A working paper: From homeostasis to resource sharing: Biologically and economically compatible multi-objective multi-agent AI safety benchmarks
Abstract: Developing safe agentic AI systems benefits from automated empirical testing that conforms with human values, a subfield that is largely underdeveloped at the moment. To contribute towards this topic, present work focuses on introducing biologically and economically motivated themes that have been neglected in the safety aspects of modern reinforcement learning literature, namely homeostasis, balancing multiple objectives, bounded objectives, diminishing returns, sustainability, and multi-agent resource sharing. We implemented eight main benchmark environments on the above themes, for illustrating the potential shortcomings of current mainstream discussions on AI safety.
Publication link: https://arxiv.org/abs/2410.00081
Repo: https://github.com/aintelope/biological-compatibility-benchmarks
AI Safety Camp project proposals on Universal Values, Risk Aversion vs Prospect Theory, and Proactive AI Safety
Roland Pihlakas will be running one of three possible projects, based on which one receives the most interest. Below are included the summaries for the respective projects. The link to the full project descriptions document is here.
---
Category: Evaluate risks from AI
(32a) Creating new AI safety benchmark environments on themes of universal human values
Summary:
We will be planning and optionally building new multi-objective multi-agent AI safety benchmark environments on themes of universal human values.
Based on various anthropological research, I have compiled a list of universal (cross-cultural) human values. It seems to me that various of these universal values resonate with concepts from AI safety, but use different keywords. It might be useful to map these universal values to more concrete definitions using concepts from AI safety.

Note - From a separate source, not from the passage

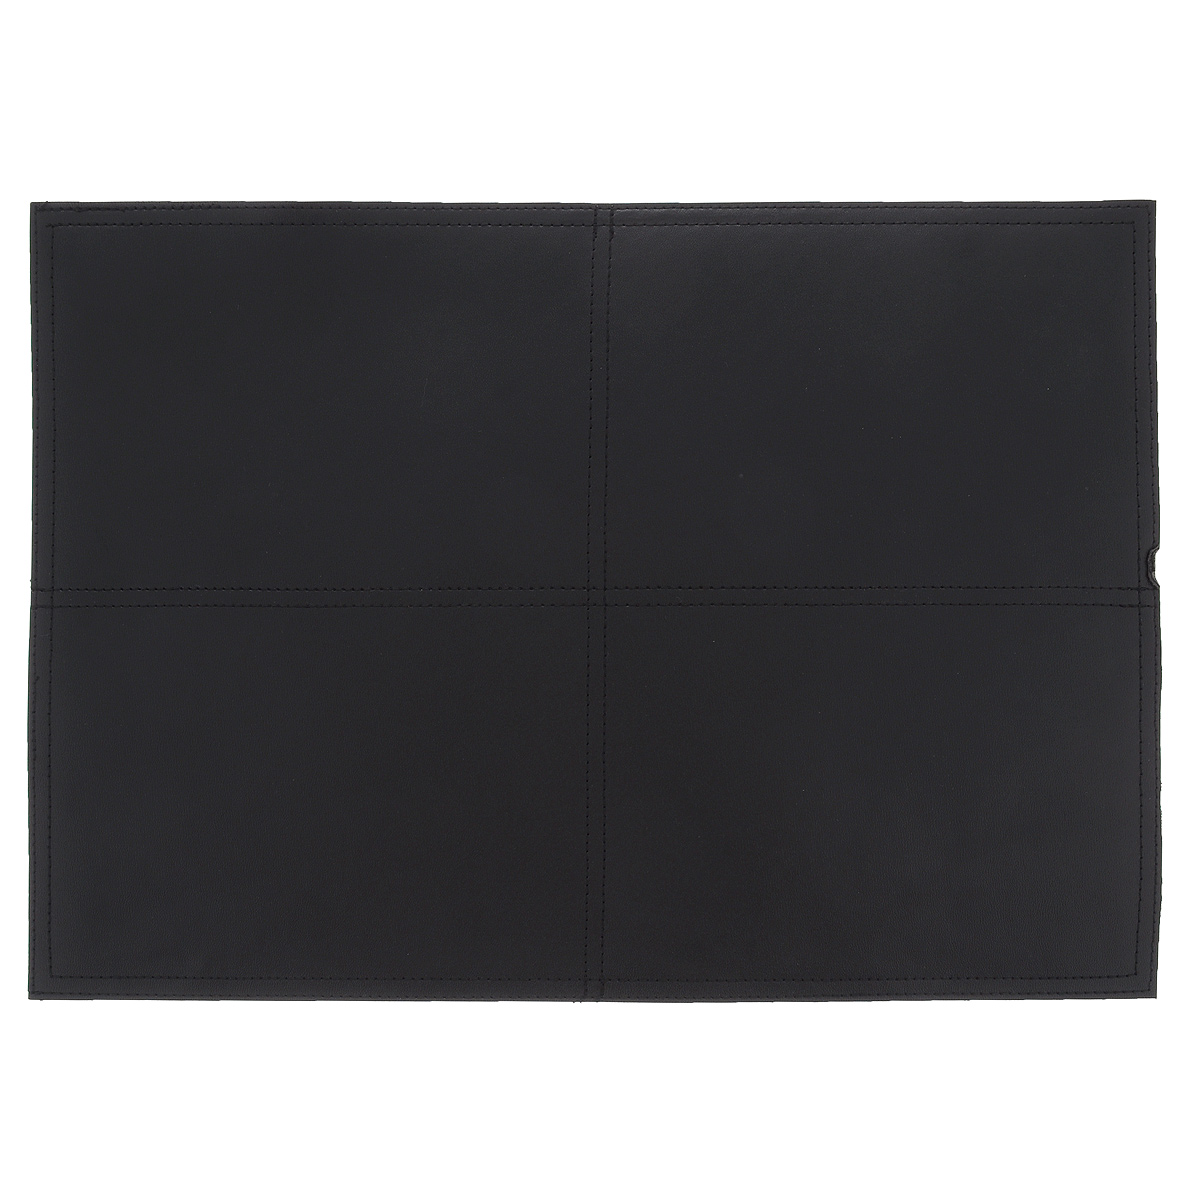 фото Подставка под горячее "Hans & Gretchen", цвет: черный, 43,5 х 28,5 см. 28HZ-9026

One notable detail in this research is that in case of AI and human cooperation, the values are not symmetric as they would be in case of human-human cooperation. This arises because we can change the goal composition of aents, but not of humans. Additionally there is the crucial difference that agents can be relatively easily cloned, while humans cannot. Therefore, for example, a human may have an universal need for autonomy, while an AI agent might imaginably not have that need built-in. If that works out, then the agent would instead have a need to support human autonomy.
The objective of this project would be to implement these mappings of concepts into tangible AI safety benchmark environments.
---
Category: Agent Foundations
(32b) Balancing and Risk Aversion versus Strategic Selectiveness and Prospect Theory
Summary:
We will be analysing situations and building an umbrella framework about when either of these incompatible frameworks would be more appropriate in describing how we want safe agents to handle choices relating to risks and losses in a particular situation.
Economic theories often focus on the “gains” side of utility and how our multi-objective preferences are balanced there. A well known formulation is to use diminishing returns - a concave utility function, which mathematically results in a balancing action where an individual prefers averages in all objectives to extremes in a few objectives.
But, what happens in the negative domain of utility? How do humans handle risks and losses? Turns out, it might be not so simple as with gains.
One might imagine that one could apply a concave utility function to the negative domain as well, in order to balance the individual losses, or to equalise and provide an equal treatment in case of multiple individuals. This would resonate with the idea that generally people prefer averages in all objectives to extremes in a few objectives. As an example, a negative exponential utility function would achieve that.
Yet there is a well known theory named “Prospect theory”, which claims instead that our preferences in the negative domain are convex.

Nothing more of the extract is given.